今から20年前、ドイツで「SUSHI」を食べられる所なんて、ほとんどありませんでした。でも、今では大手スーパーのお惣菜コーナーに「SUSHI」が並んでいます。日本食ブームといわれる昨今、20年前には想像さえできなかったことが実現している。そして、「SUSHI」「SAKE」に続いて、「BENTO」も受け入れられつつあるようです。

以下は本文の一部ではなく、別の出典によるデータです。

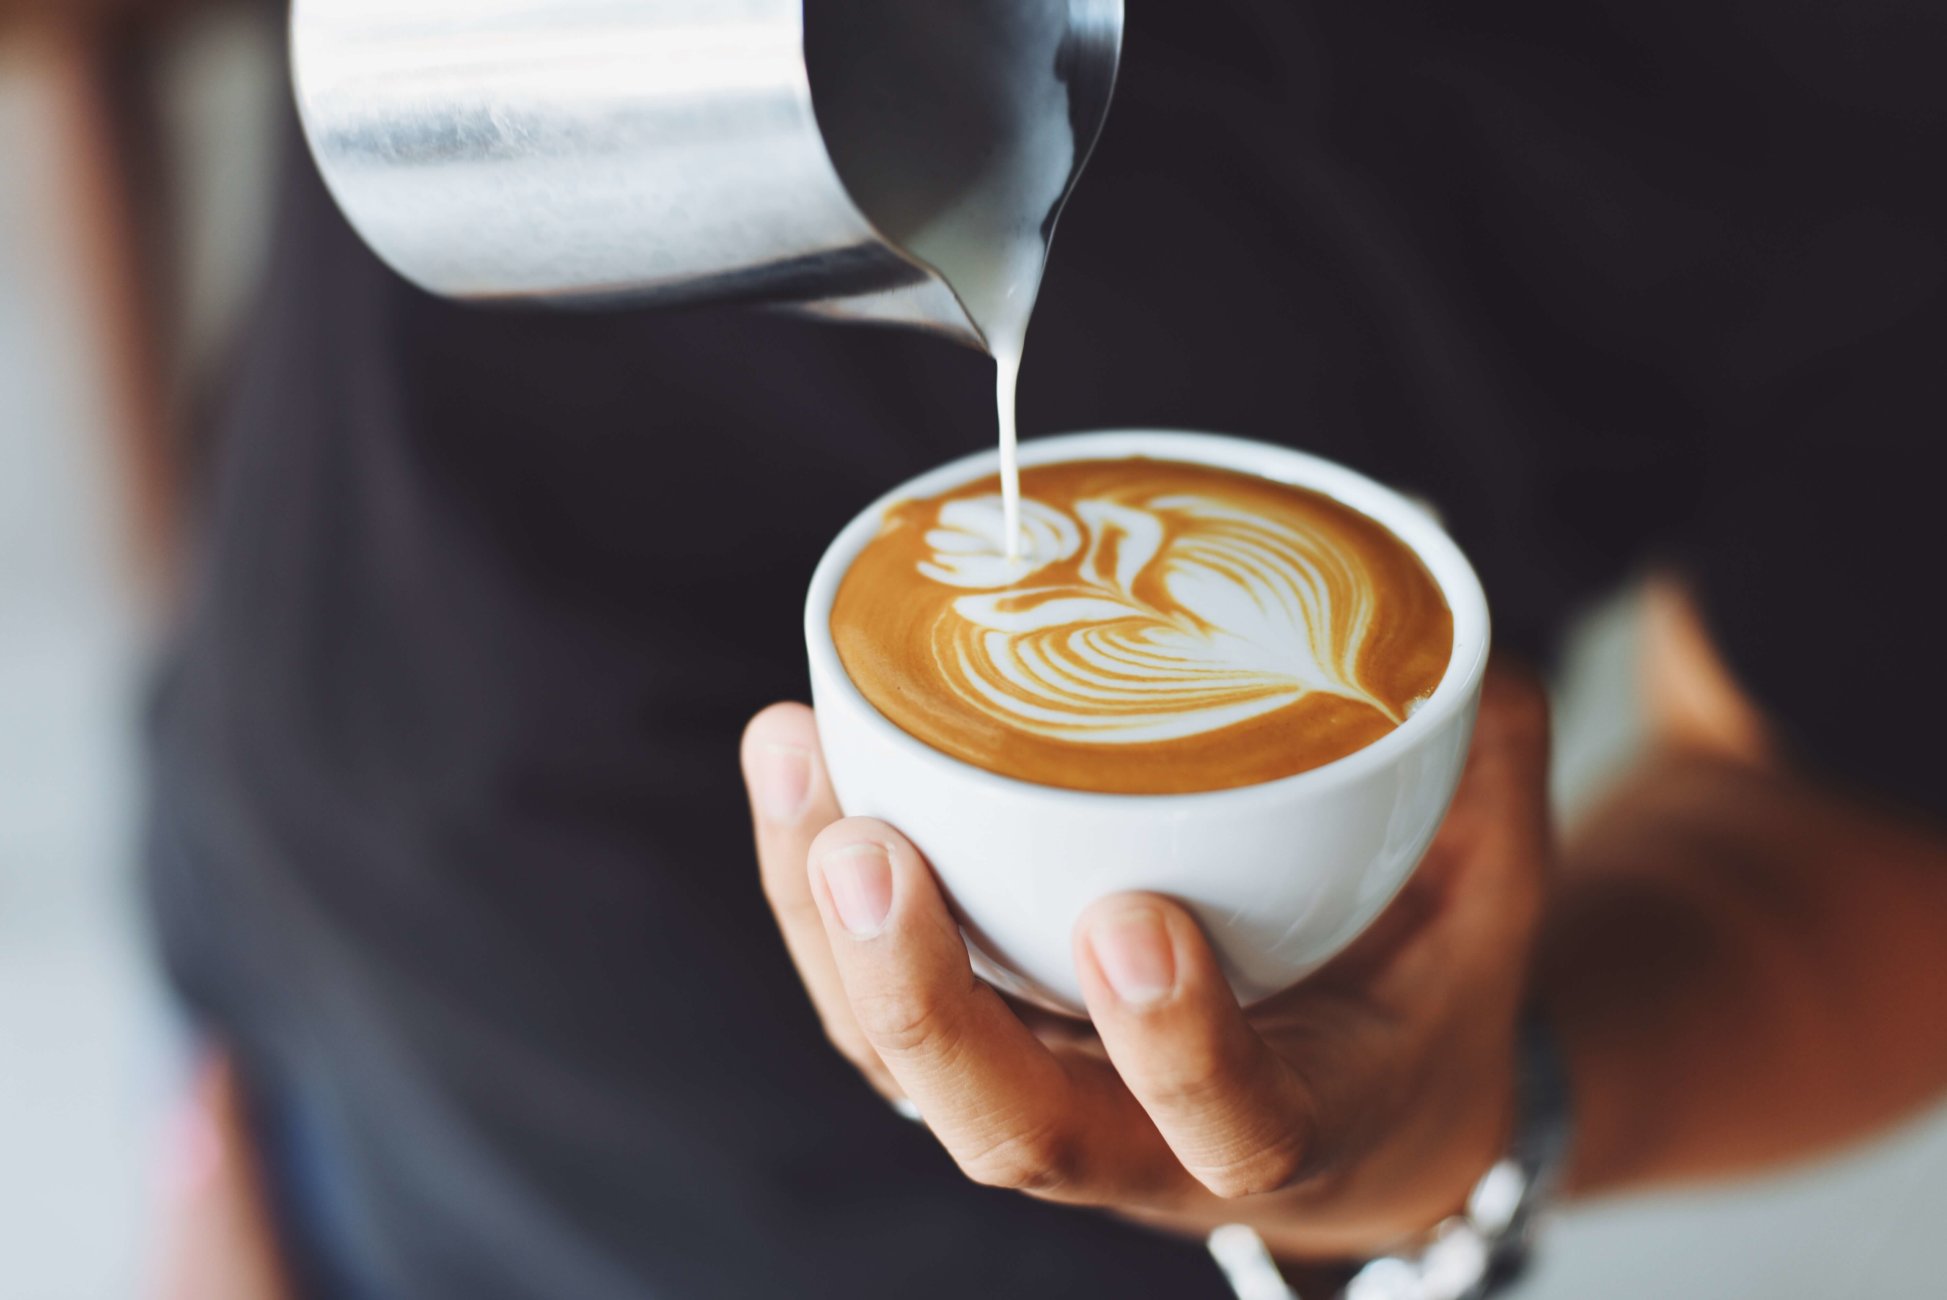 El latte art, el arte de diseñar con café

そのヘルシーさ、美味しさを武器に世界中で大きなブームとなっている日本食、中でも日本産の農林水産物・食品によって支えられている「本物の日本食」を、ANUGAの日本パビリオンで存分にアピールしていきたいと思います』

「わさびソース」や「きざみわさび」の調理例を紹介する金印の小西さん

ウエノグルメさんは、古酒や純米酒など様々な日本酒を紹介
確かに、最近ではスーパーに醤油やワサビ味のスナック菓子などが売られている。日本の家庭に西洋料理が並ぶように、ドイツでも手軽に日本の味を楽しめるようになったら、食生活はもっと楽しくなり、食文化はさらに深く発展するに違いない。未来の食のあり方を占うANUGA、今年はどんな成果を見せてくれるのだろうか。